Making a Fresh Start with Chronic Illness
I come to the idea of a fresh start from my meditation practice. I sit (on my chair, because sitting on the floor is impossible for me) intending to focus on my breath. Instead, my mind wanders wildly. My practice, then, is to bring my attention back to my breath. I get a fresh start. This process of releasing preoccupation, returning to intention and recommitting to my practice is an important one in my life.
I’m wondering if it may also be helpful as a response to chronic illness.
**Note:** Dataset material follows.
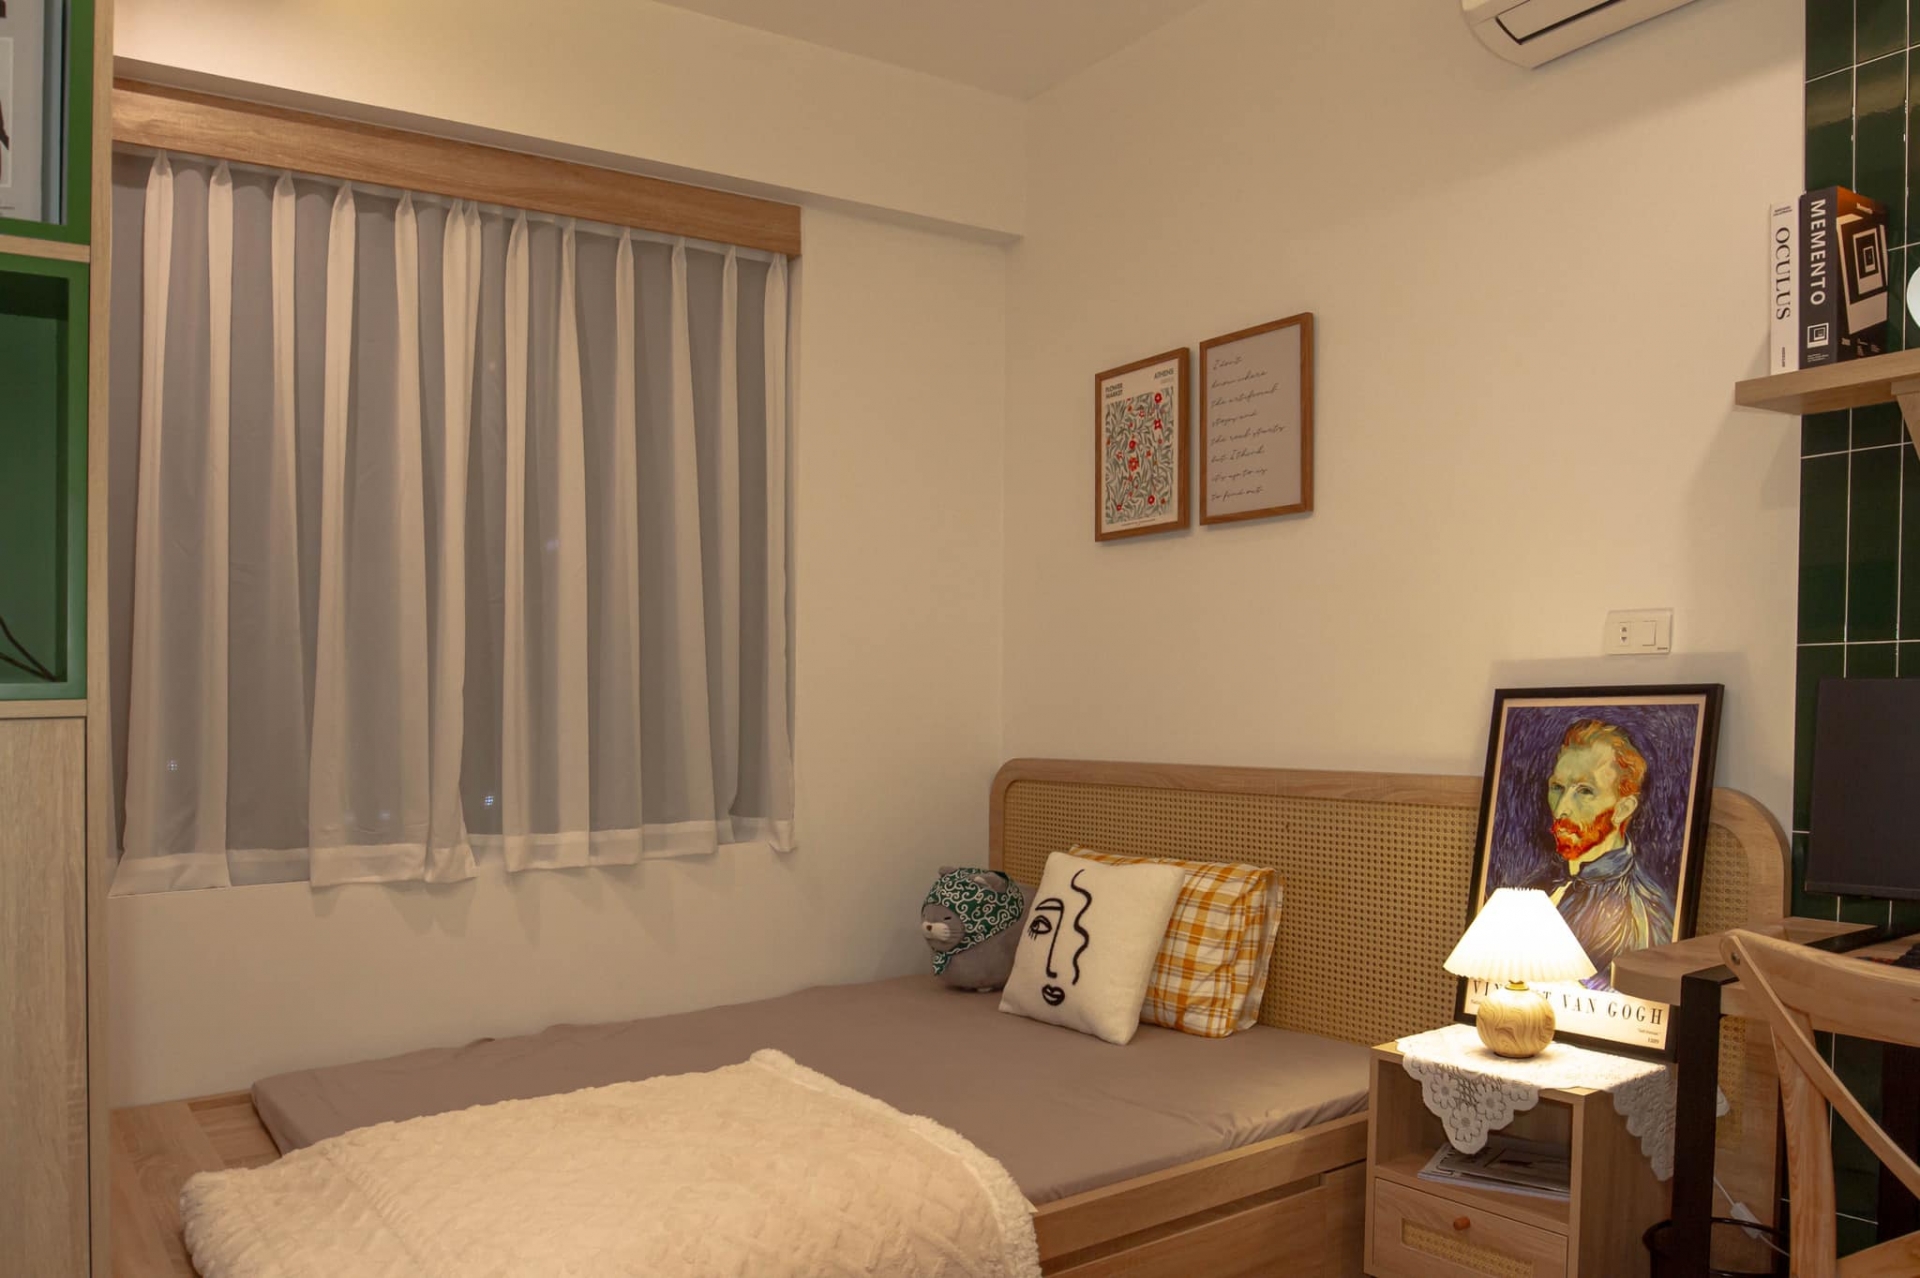 Phòng ngủ thứ hai lựa chọn điểm nhấn bằng gam màu xanh rêu đậm. Nội thất vẫn ưu tiên sự gọn gàng, tiện nghi, từ giường ngủ cho đến táp đầu giường nhỏ nhắn.

The monster of chronic illness dances beside me. When I was first diagnosed, I feared that I would become the monster – that there would be no part of my life untouched by illness. I feared that chronic illness would define me. Now, thirty years later, I know that while illness is part of who I am – and has helped make me who I am – it is not all of who I am. I cannot take a fresh start out of the illness, but I can take a fresh start within it.
What part of my response to illness is feeling stale, dysfunctional or outmoded?
I want to consider this question in two ways: physical and mental. My first step turned out to be a sort of inventory.
Physical
I imagined my way through a typical day and asked: what is physically awkward or uncomfortable? I made a list.
I noticed that some items on the list are imaginary. Things are okay now, but I’m afraid they might become awkward or uncomfortable in the future. Silly me. My mother called that “borrowing trouble.” She told me not to do it. I wrote the word “future” beside nearly half the items on my list.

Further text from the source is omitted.